Si no fuera porque es demasiado evidente pensar que es un montaje, uno tendría la sensación de que cada vez que se escucha al presidente electo decir que respetará a los otros poderes, está haciendo una de esas declaraciones que hay que hacerlas pero que en el fondo todos sabemos que es de imposible cumplimiento.
Este país es México, está en el norte de América y el presidencialismo es absoluto.
La otra república, la del norte –la que durante doscientos años fue el modelo a seguir– pasó más de ciento veinticinco años legislando para limitar los poderes del presidente. Y eso que fue parida en medio de los dolores del absolutismo y que los Padres Fundadores esculpieron, tanto en la Declaración de la Independencia como en la Constitución, todos los correctivos para impedir que el país acabara convirtiéndose de un sólo hombre, como hoy parece tener la tentación el héroe de Twitter, Donald Trump.

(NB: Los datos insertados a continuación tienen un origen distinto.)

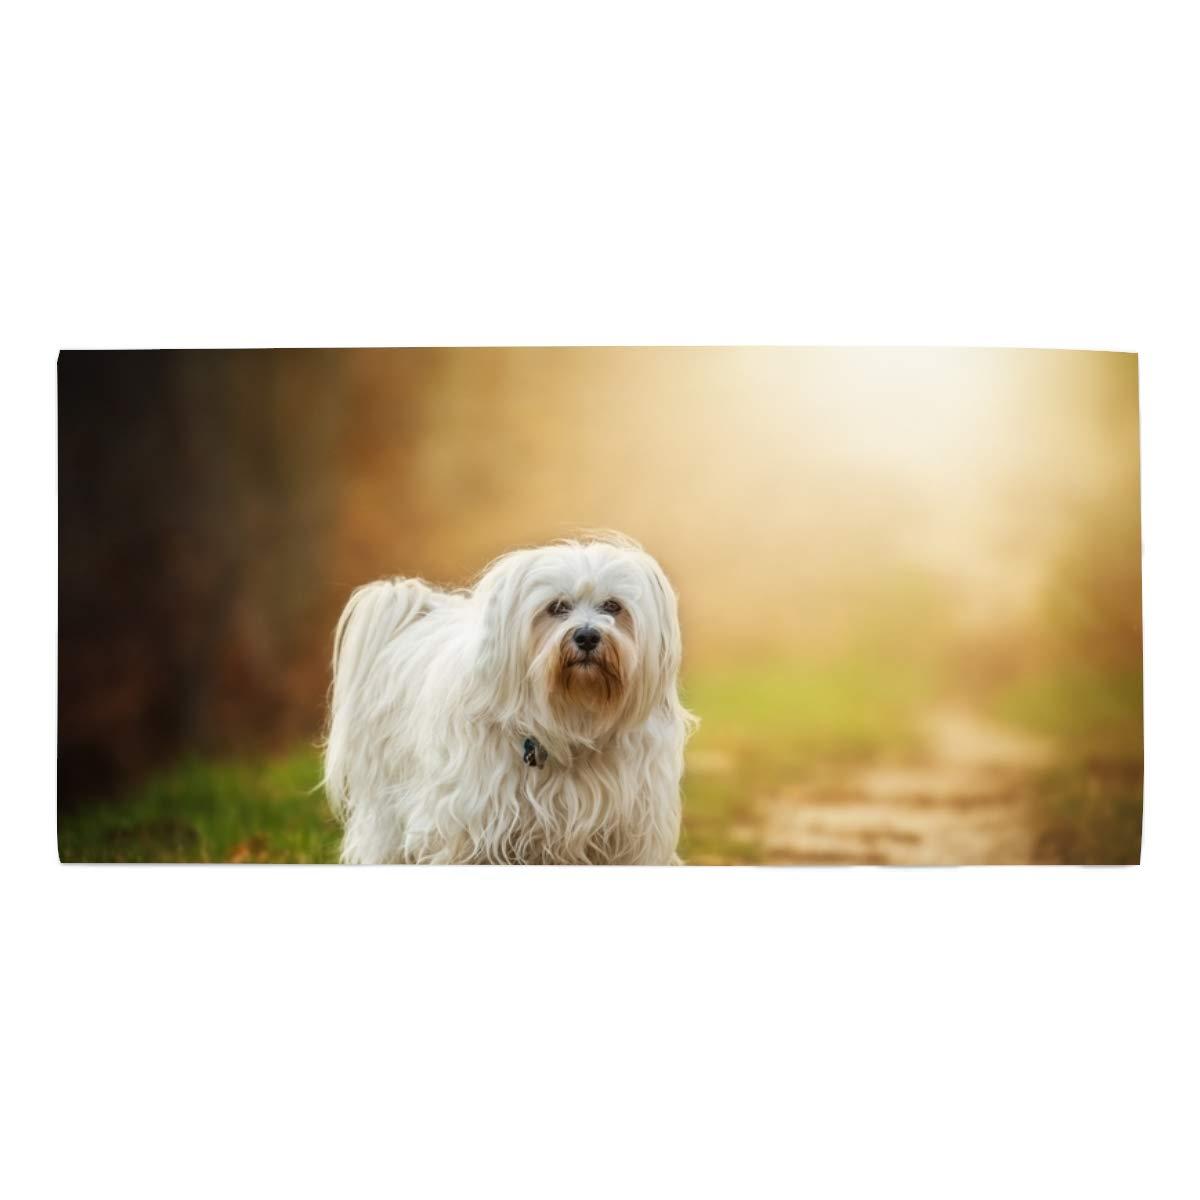 Amazon com: Adorable Yorkie Dog Printed Face Hair or Bath
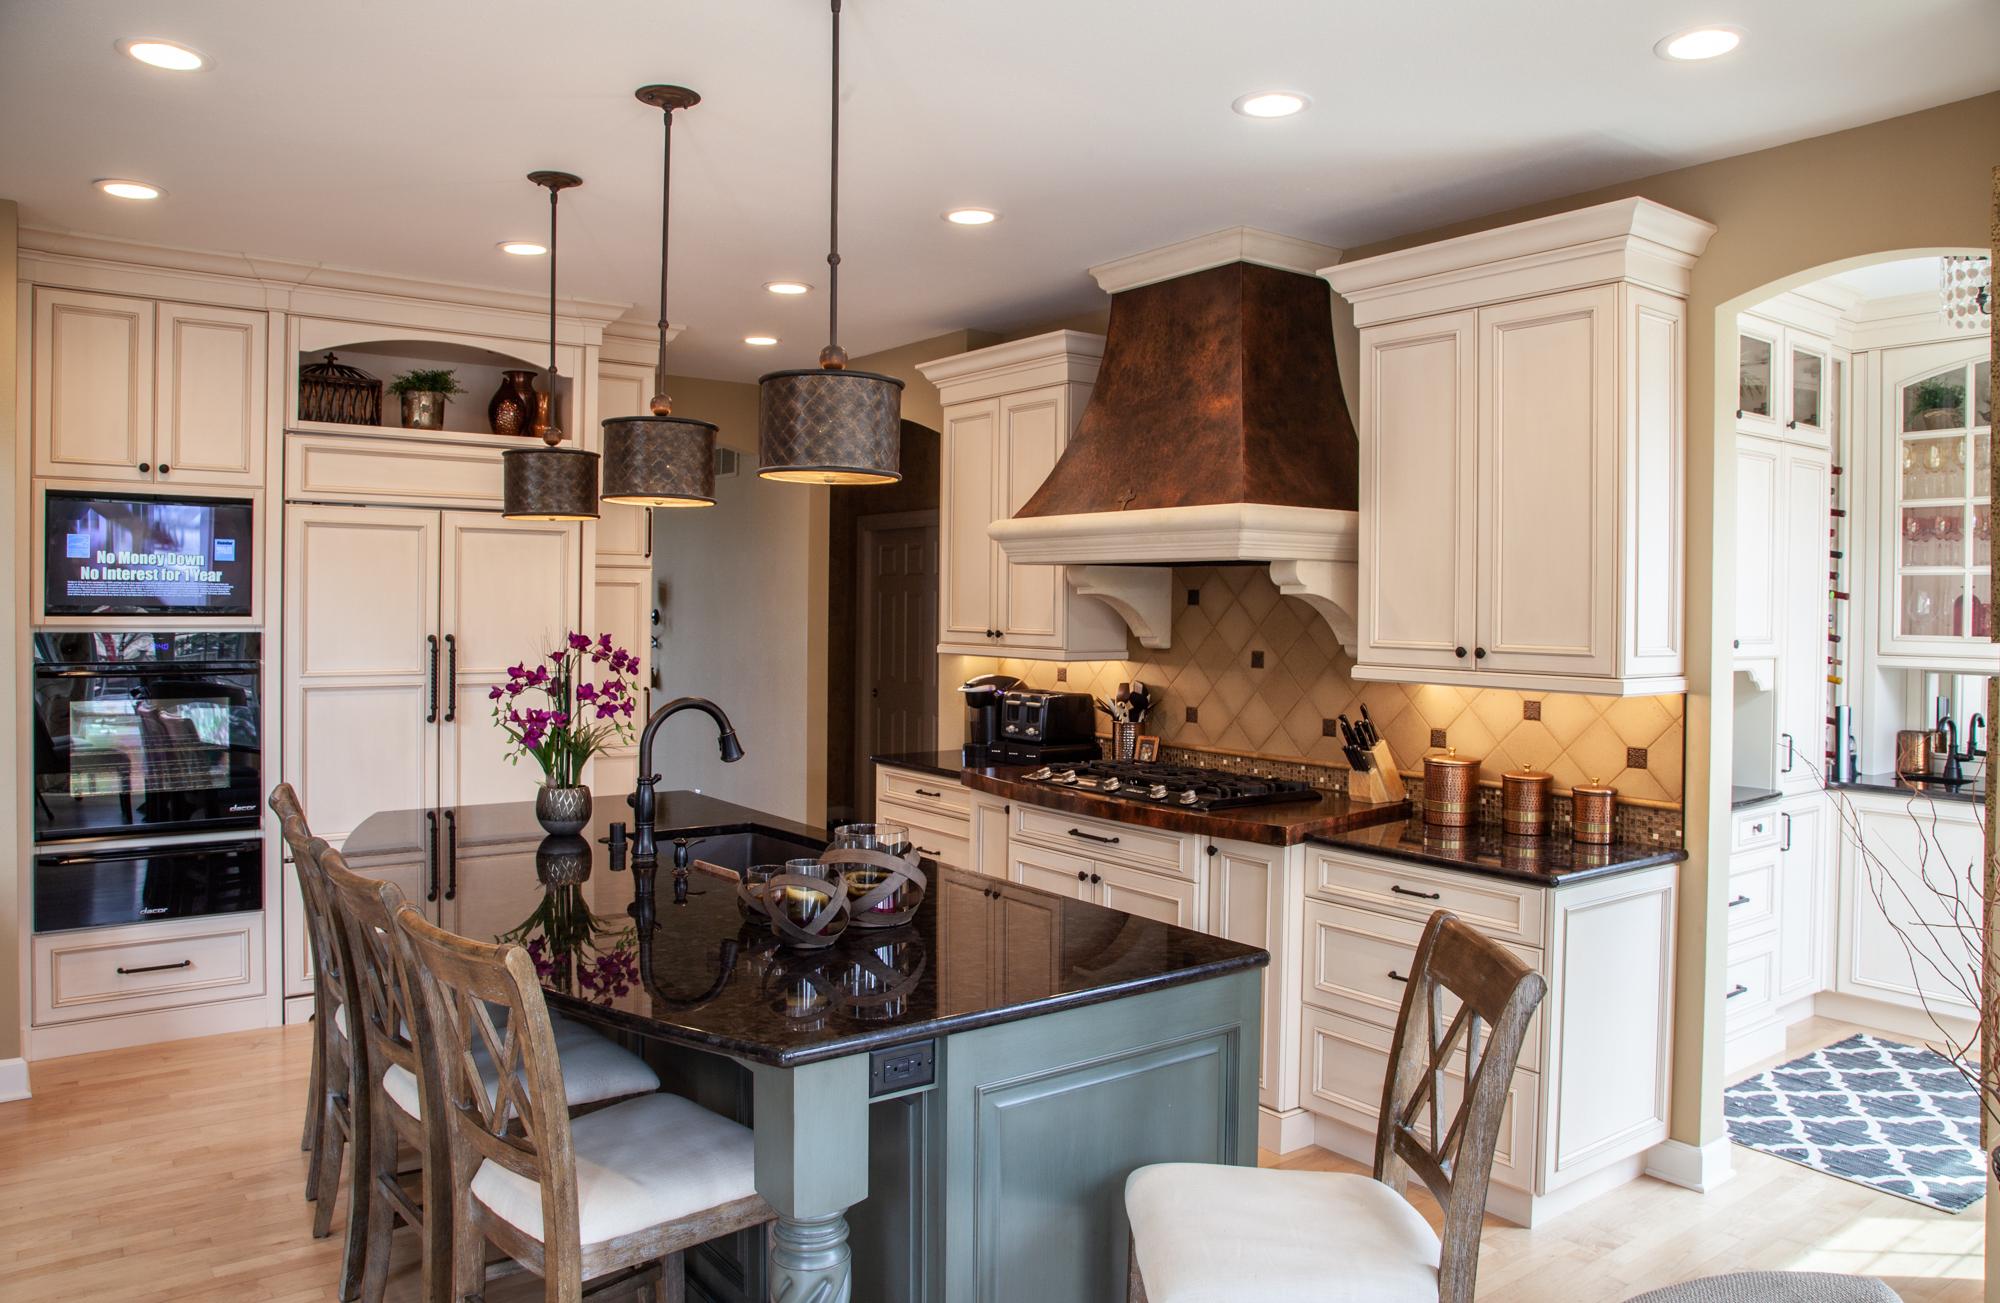 dream house dream kitchens. Black Bedroom Furniture Sets. Home Design Ideas

Sin embargo, para nosotros el Tlatoani es lo más cercano a Dios. Es verdad que es sexenal, pero es uno.
Por eso cuando se ve la lucha que va a haber, no entre el poder Ejecutivo, Legislativo y Judicial, sino por encontrar su papel cada uno de ellos, resulta hasta tierno.
El problema no es que el presidente se lo quiera comer todo, el inconveniente está en que todos los demás poderes se han acostumbrado a comer lo que les deja.
Ahora nos encontramos aquí, no solamente con la necesidad del autolímite presidencial, sino con la excitación de ejercer su papel más allá de las palabras y de los textos de los poderes judiciales y legislativos.
¿Puede existir una iniciativa legislativa que sea diferente del programa que prometió y con el que ganó de manera tan arrolladora el presidente? No, salvo que el presidente, en este training general que está teniendo de gobierno, cambie las ideas que se creían en la campaña electoral. Y que ahora, viéndolas funcionar por la vía del hecho y no del derecho –porque hasta el primero de diciembre este no será su gobierno– le permita cambiar algunos planteamientos.